• Dataset excerpt:
+++

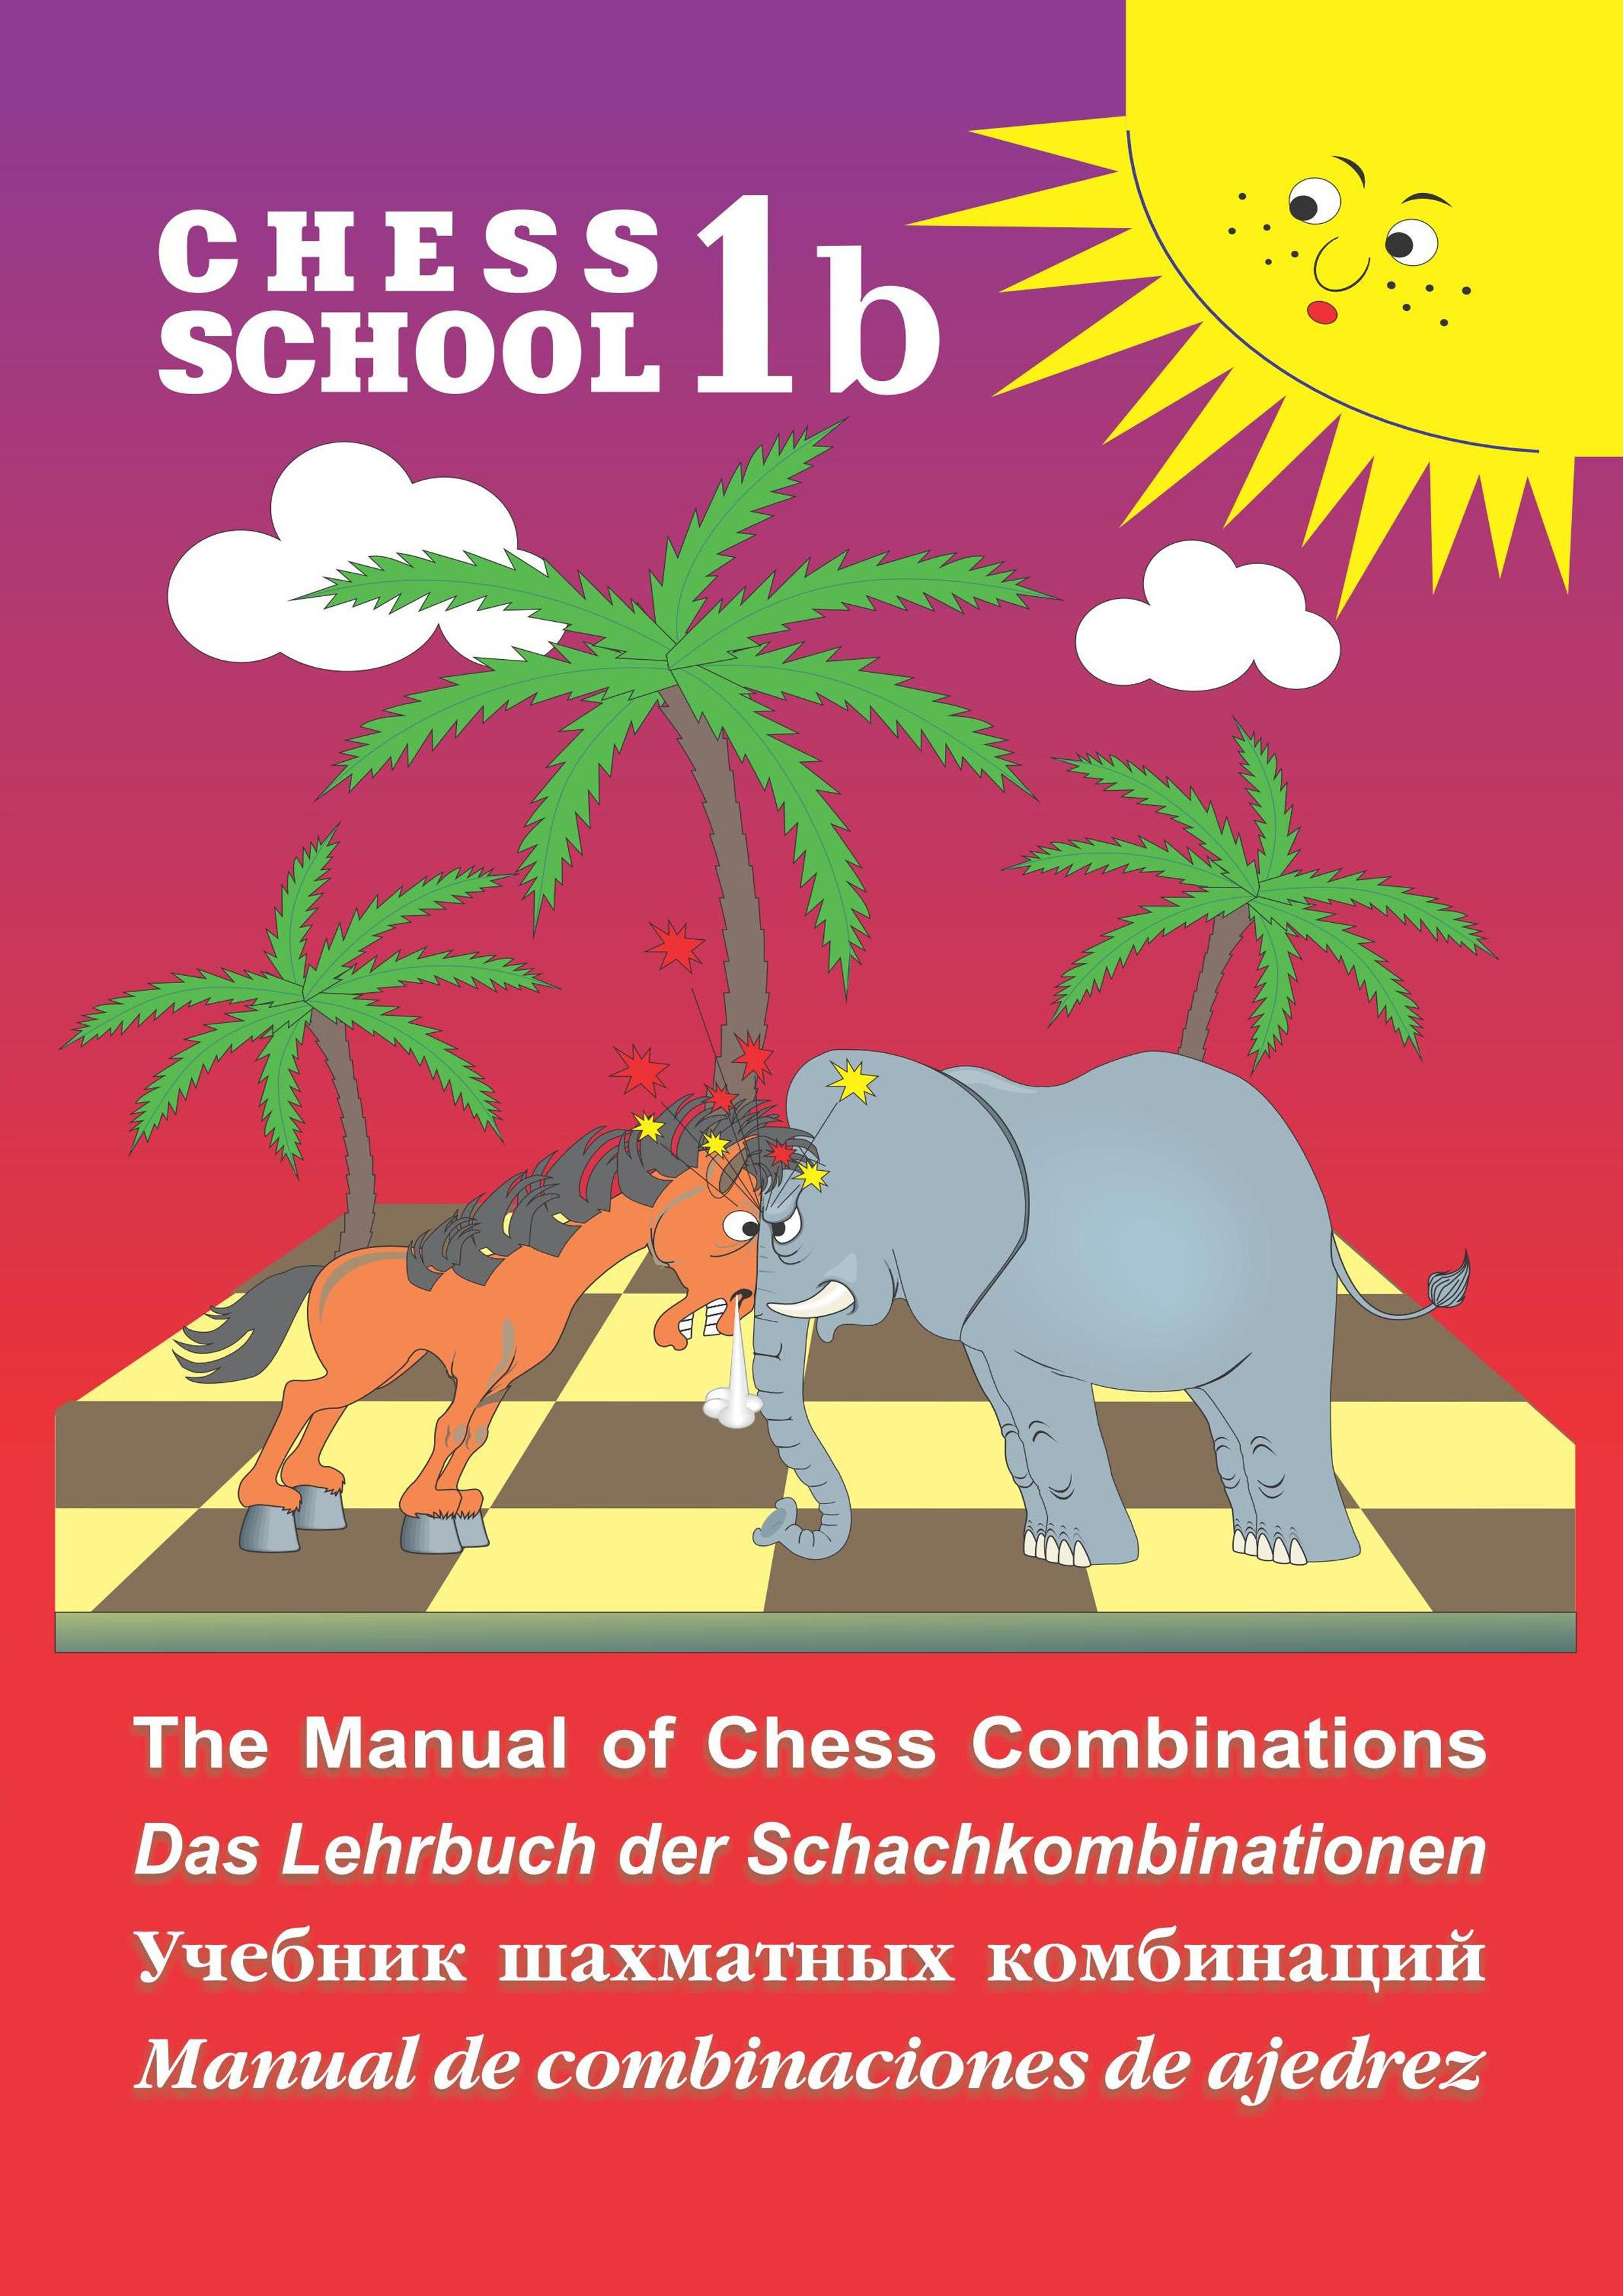 Сергей Иващенко The Manual of Chess Combination / Das Lehrbuch der Schachkombinationen / Manual de combinaciones de ajedrez / Учебник шахматных комбинаций. Том 1b иващенко с chess school 1b учебник шахматных комбинаций том 1b isbn 9785946935630
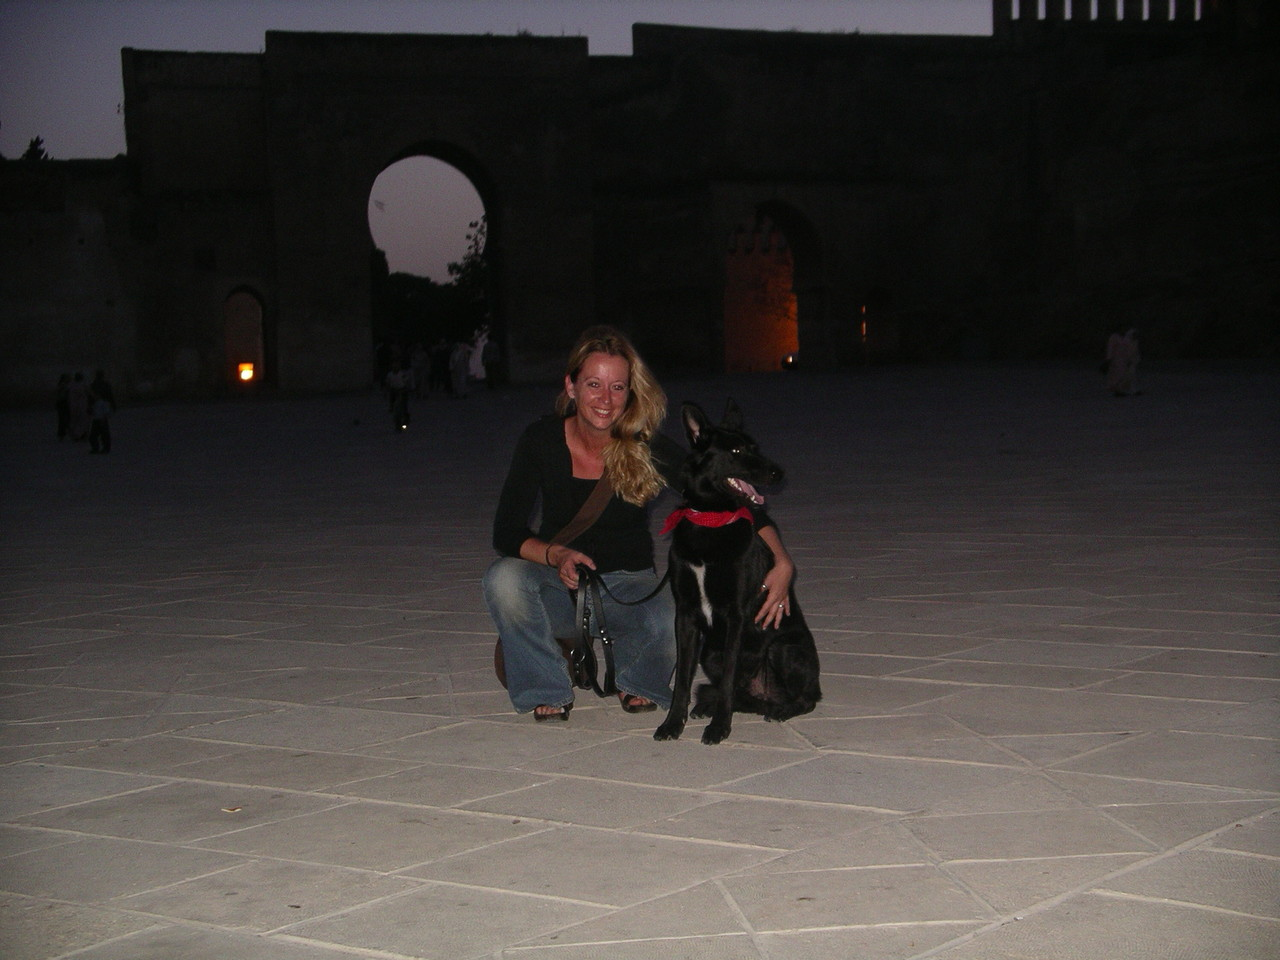 MAROKKO 2004
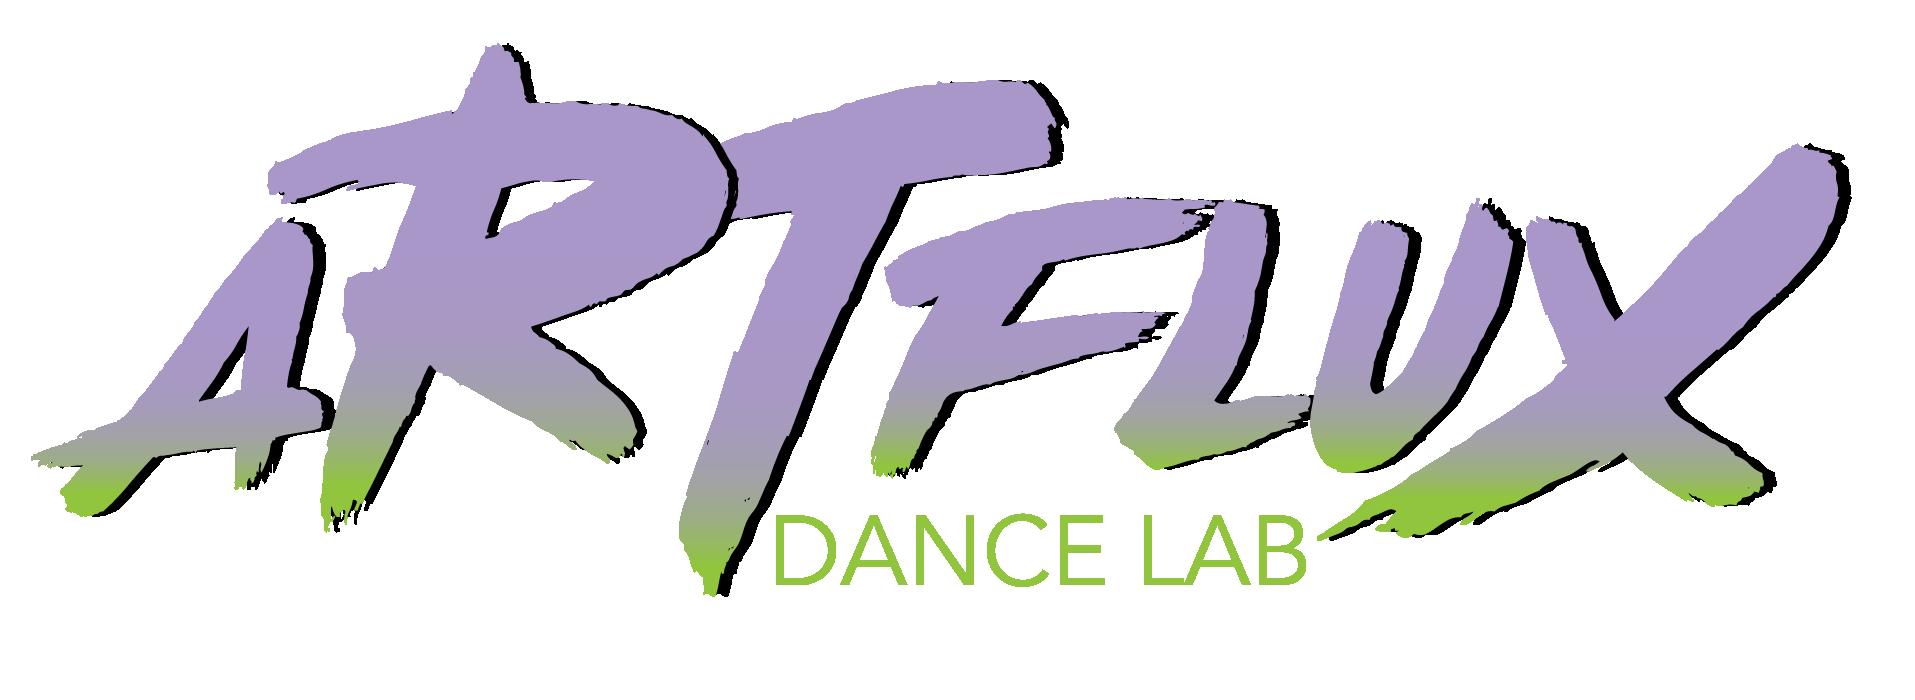 Artflux Dance Lab logo

+++

• Exercise prompt:
Would you output the data exactly, without any of its images?

• Response below:
 Сергей Иващенко The Manual of Chess Combination / Das Lehrbuch der Schachkombinationen / Manual de combinaciones de ajedrez / Учебник шахматных комбинаций. Том 1b иващенко с chess school 1b учебник шахматных комбинаций том 1b isbn 9785946935630
 MAROKKO 2004
 Artflux Dance Lab logo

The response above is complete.